§ **Dataset section**
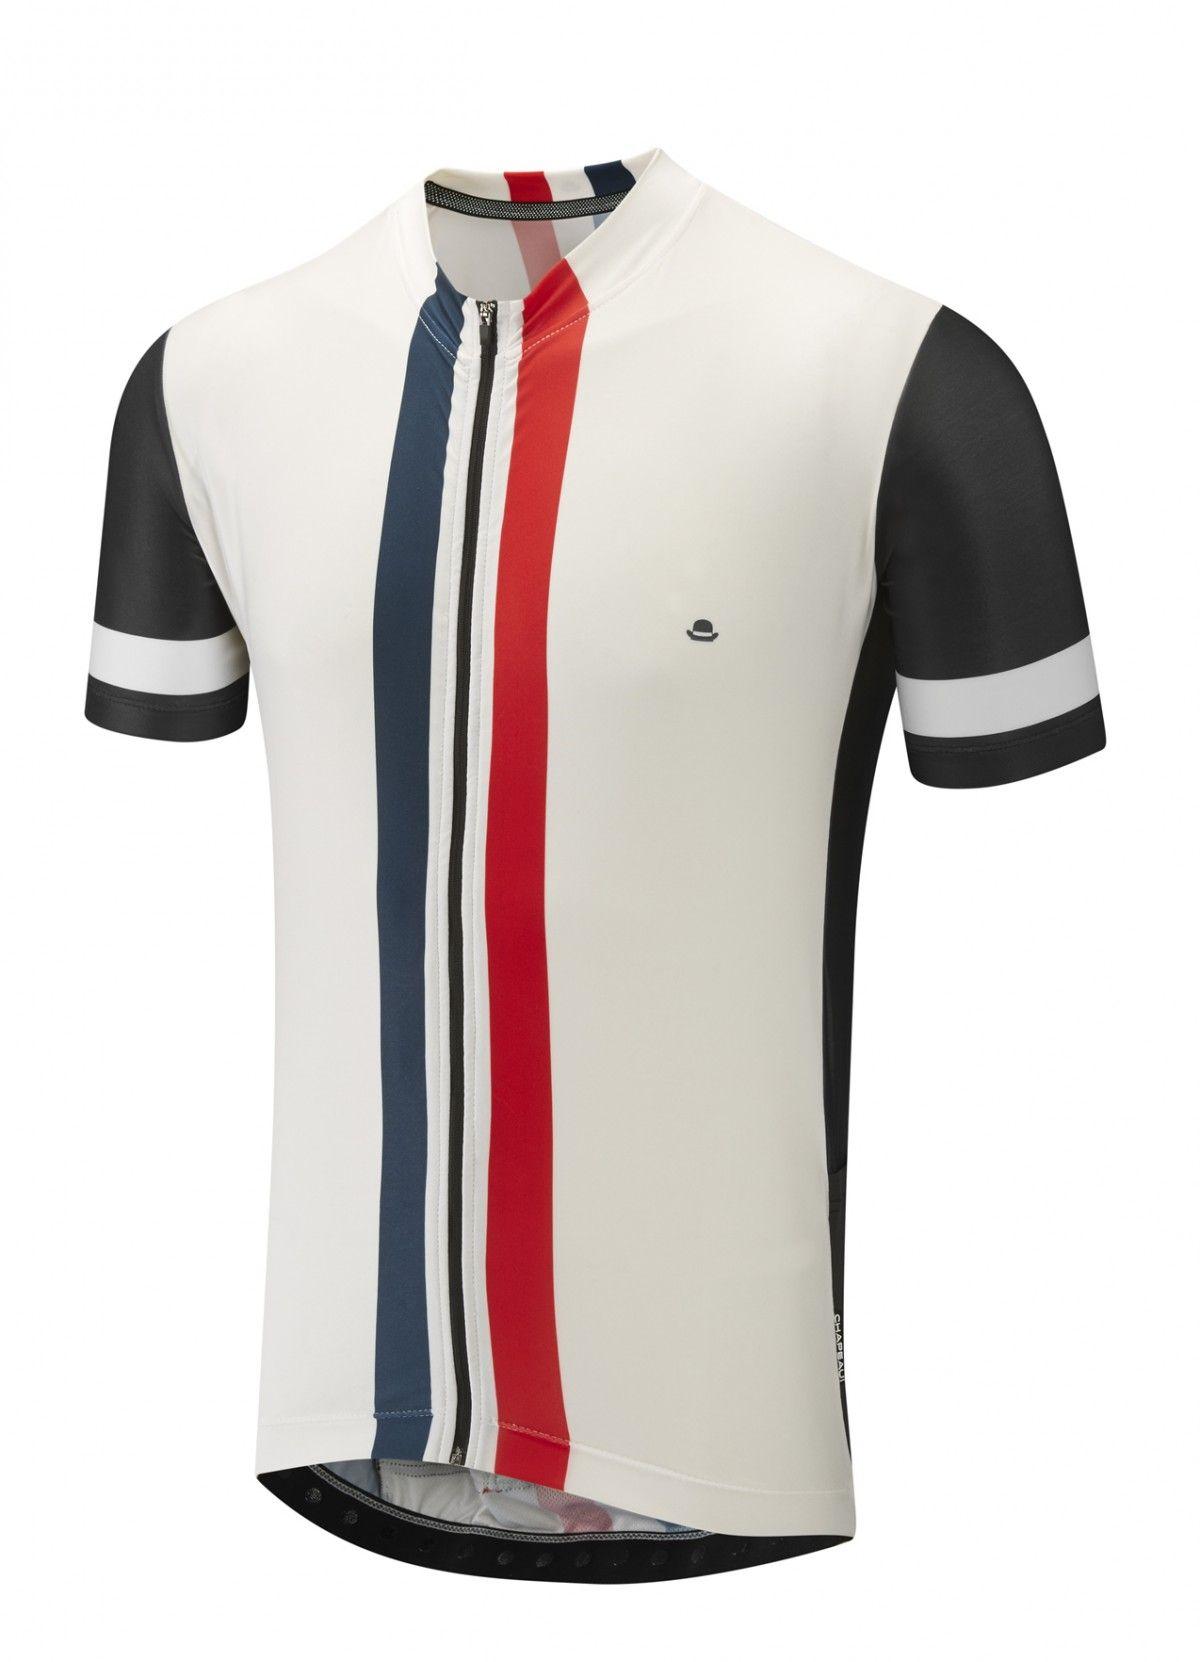 Etape Jersey - White Vertical Stripe - Cycling Jerseys - Men - Chapeau! fe2c5d717
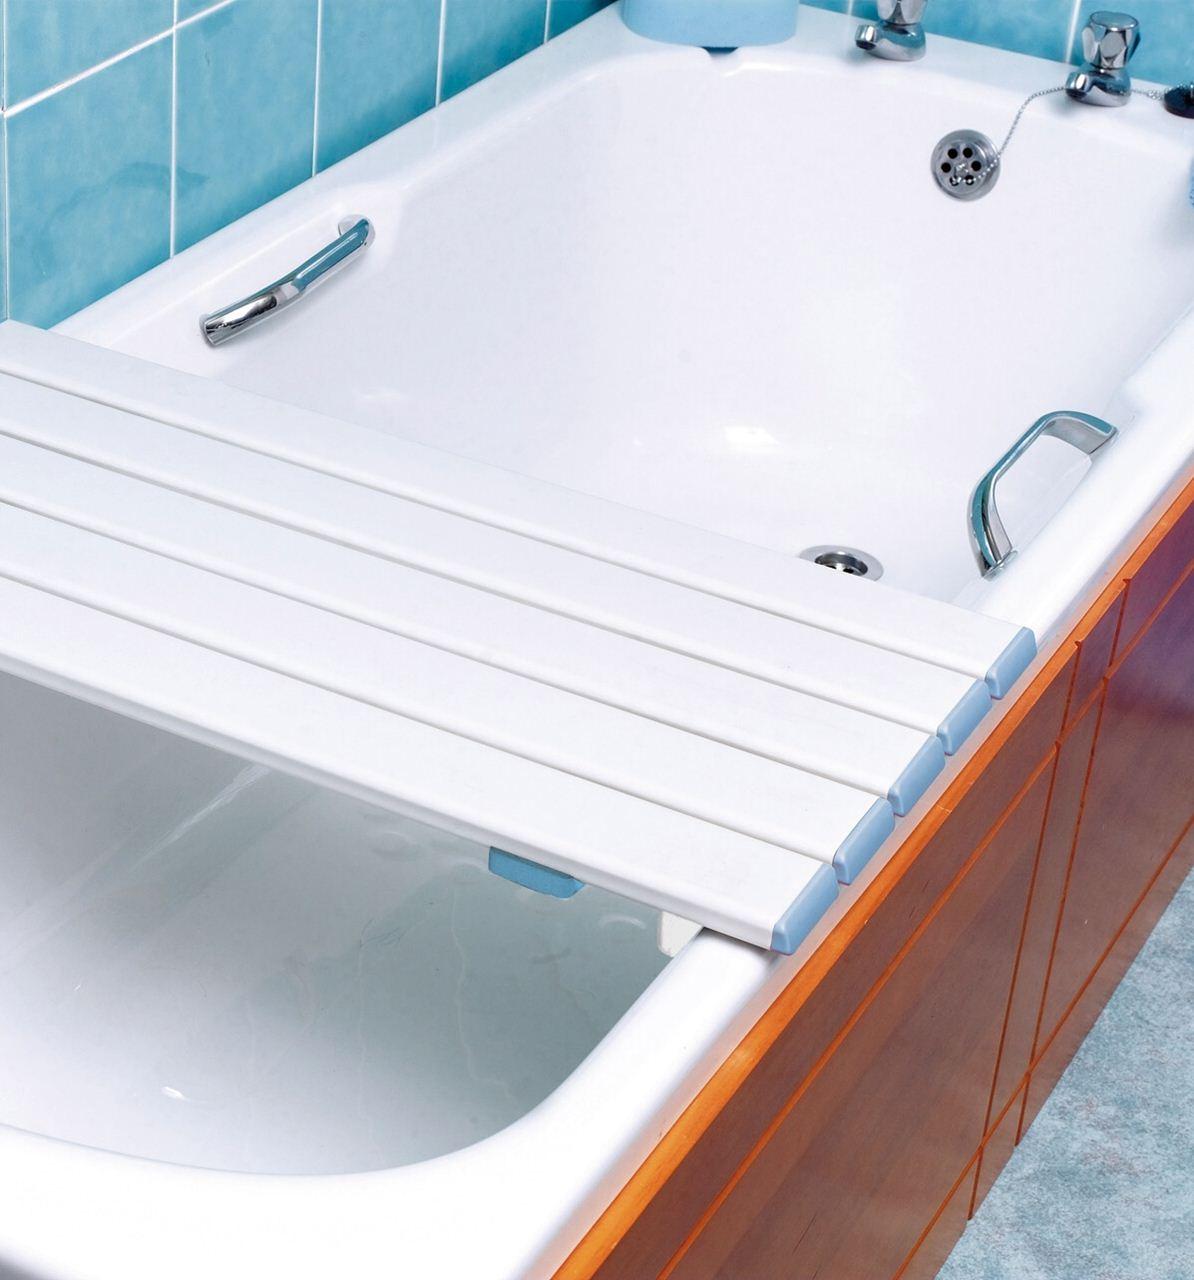 Sedačky/ stoličky do sprchy nebo do vany
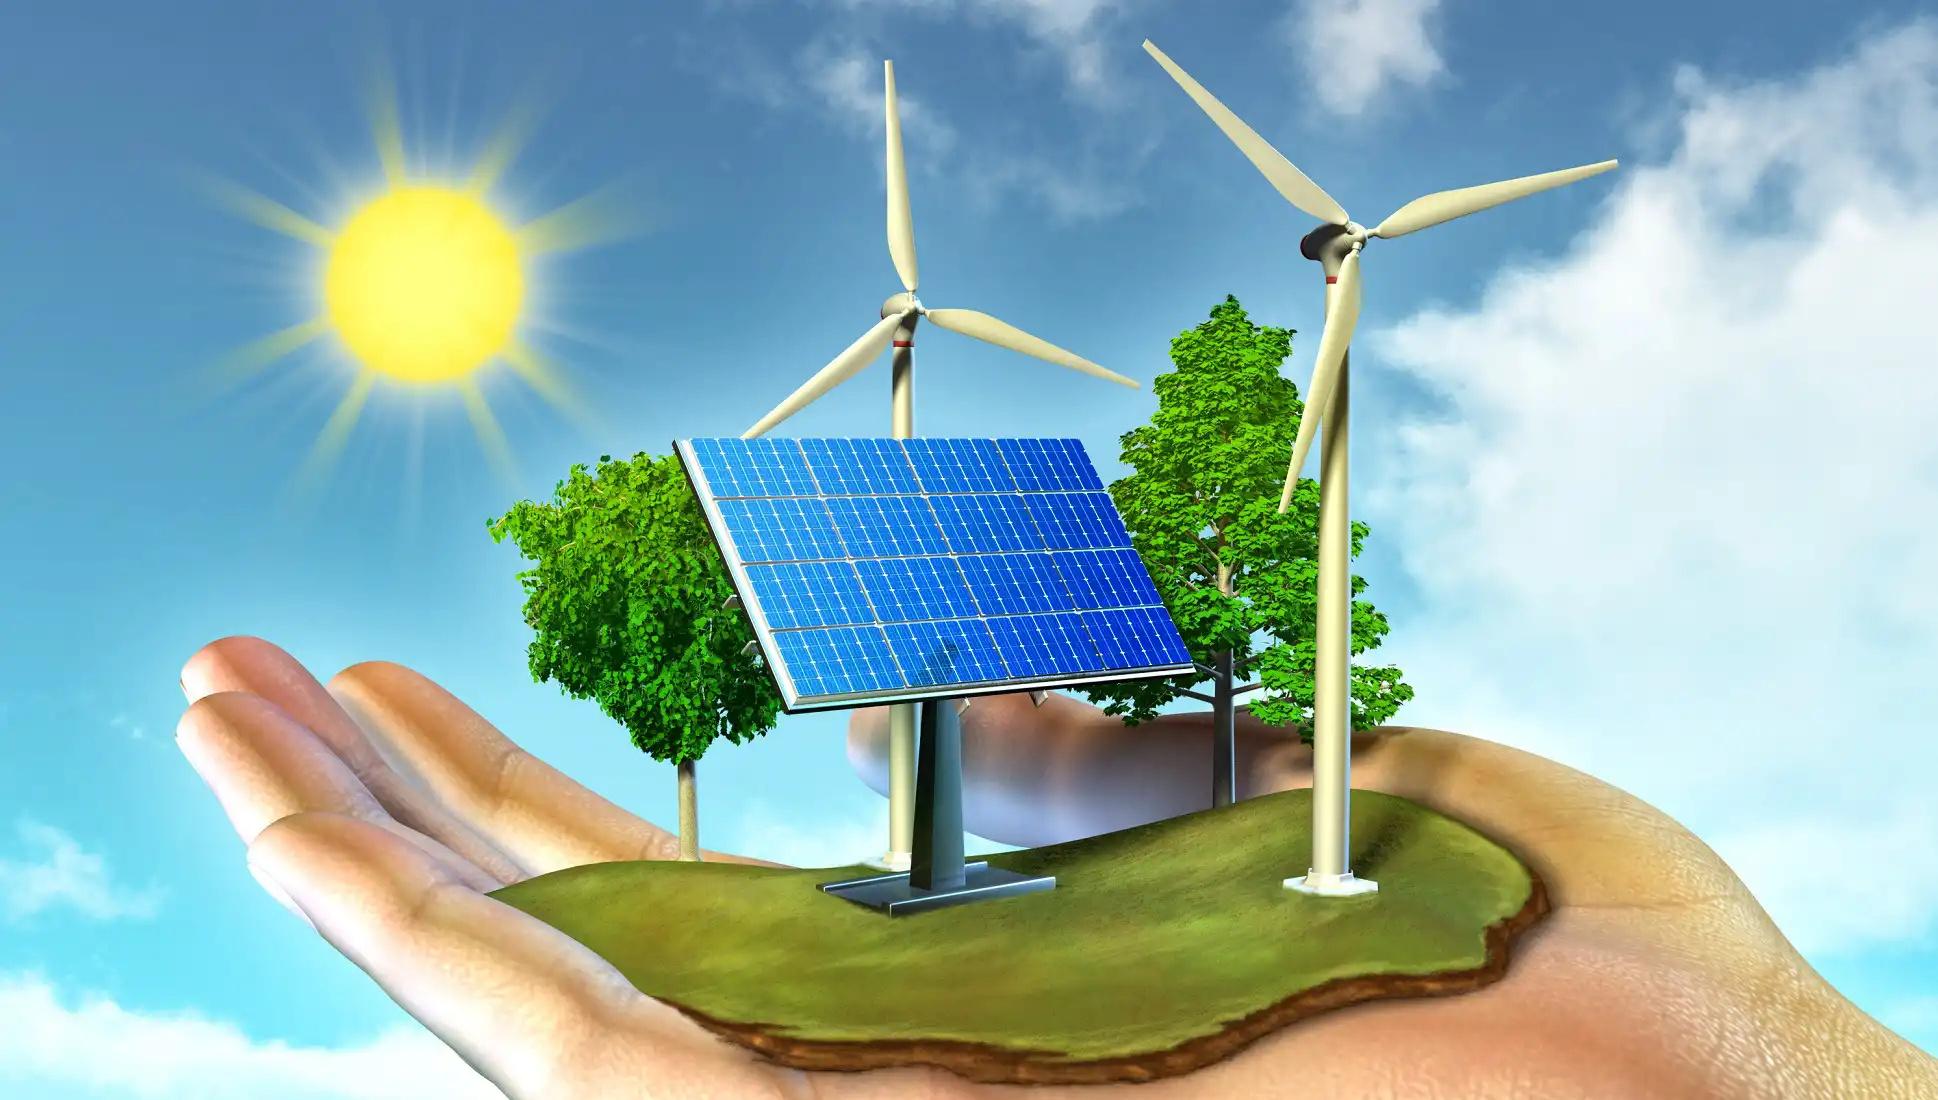 Año récord producción renovables mas del 43% de la demanda nacional en lo que va del año
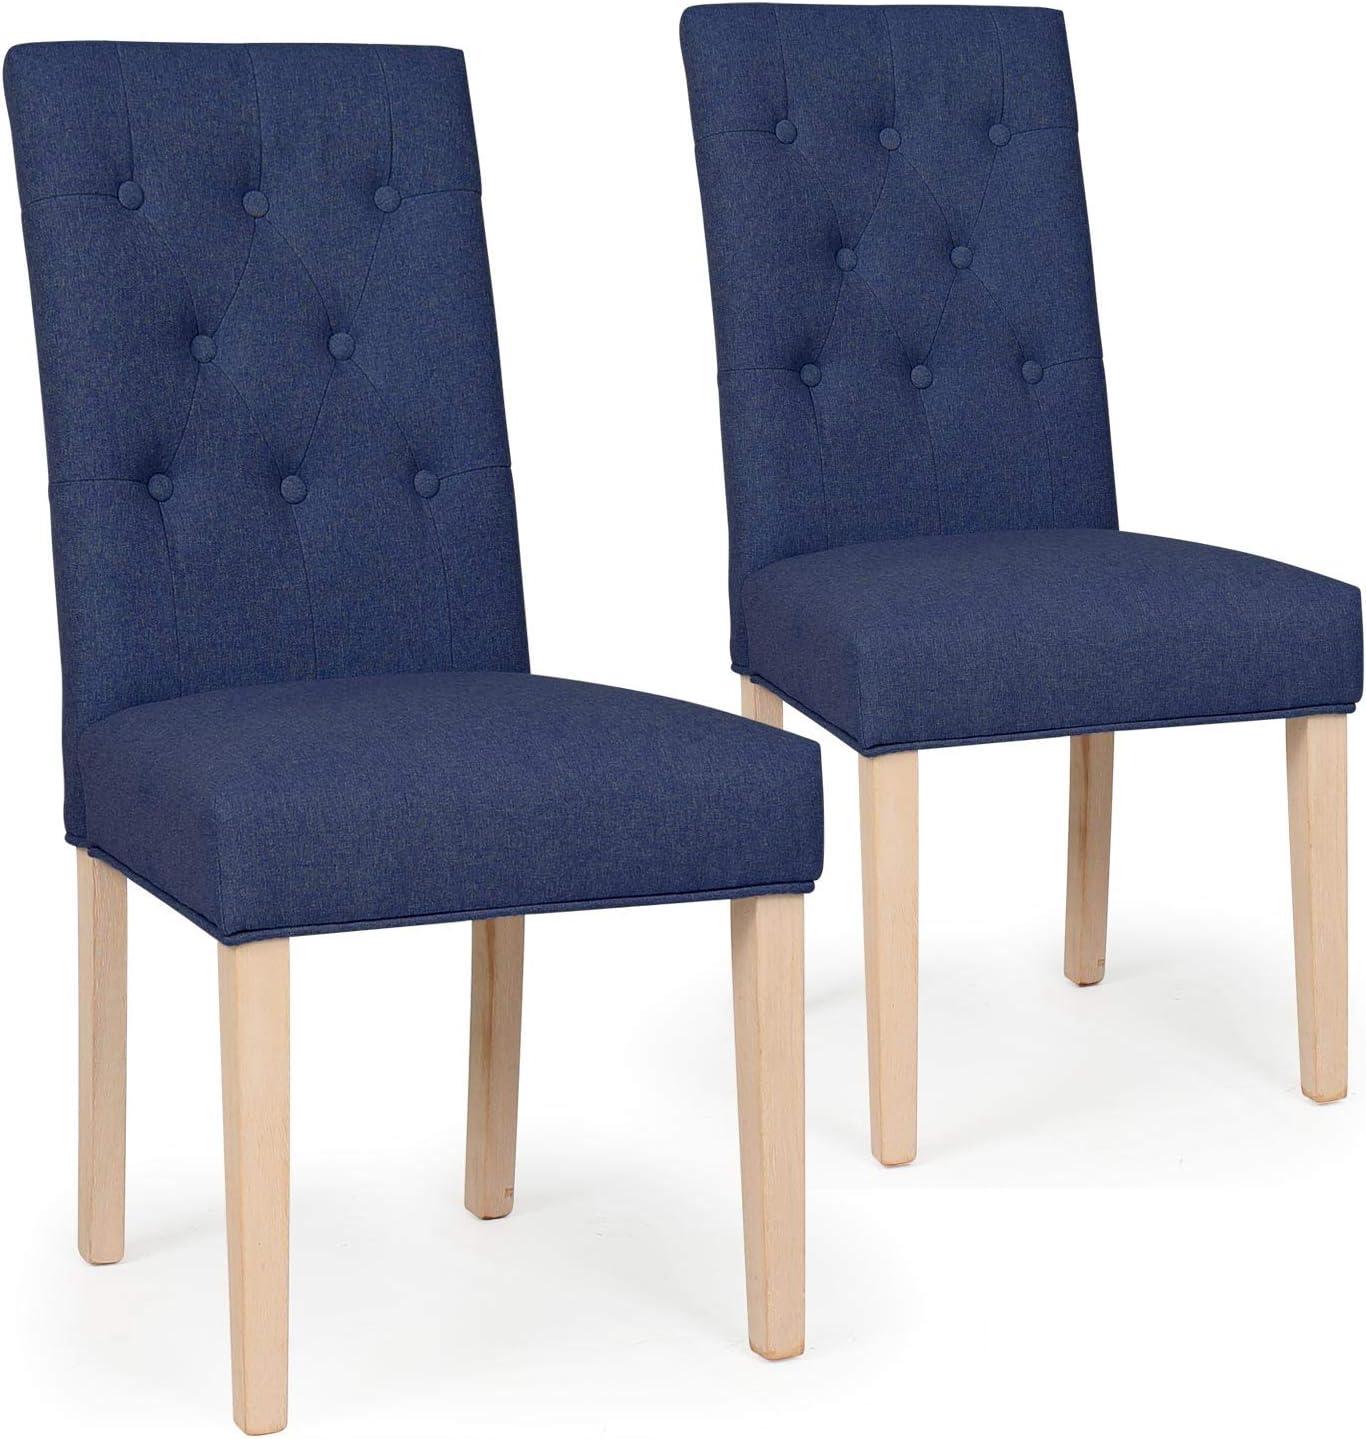 Menzzo – Juego de 2 sillas capitonnées Gaya Tejido Azul Turquesa: Amazon.es: Hogar

§ **Your assignment**
Could the material above be given again in full and exactly, with its pictures left out?

§ **Result of this exercise**
 Etape Jersey - White Vertical Stripe - Cycling Jerseys - Men - Chapeau! fe2c5d717
 Sedačky/ stoličky do sprchy nebo do vany
 Año récord producción renovables mas del 43% de la demanda nacional en lo que va del año
 Menzzo – Juego de 2 sillas capitonnées Gaya Tejido Azul Turquesa: Amazon.es: Hogar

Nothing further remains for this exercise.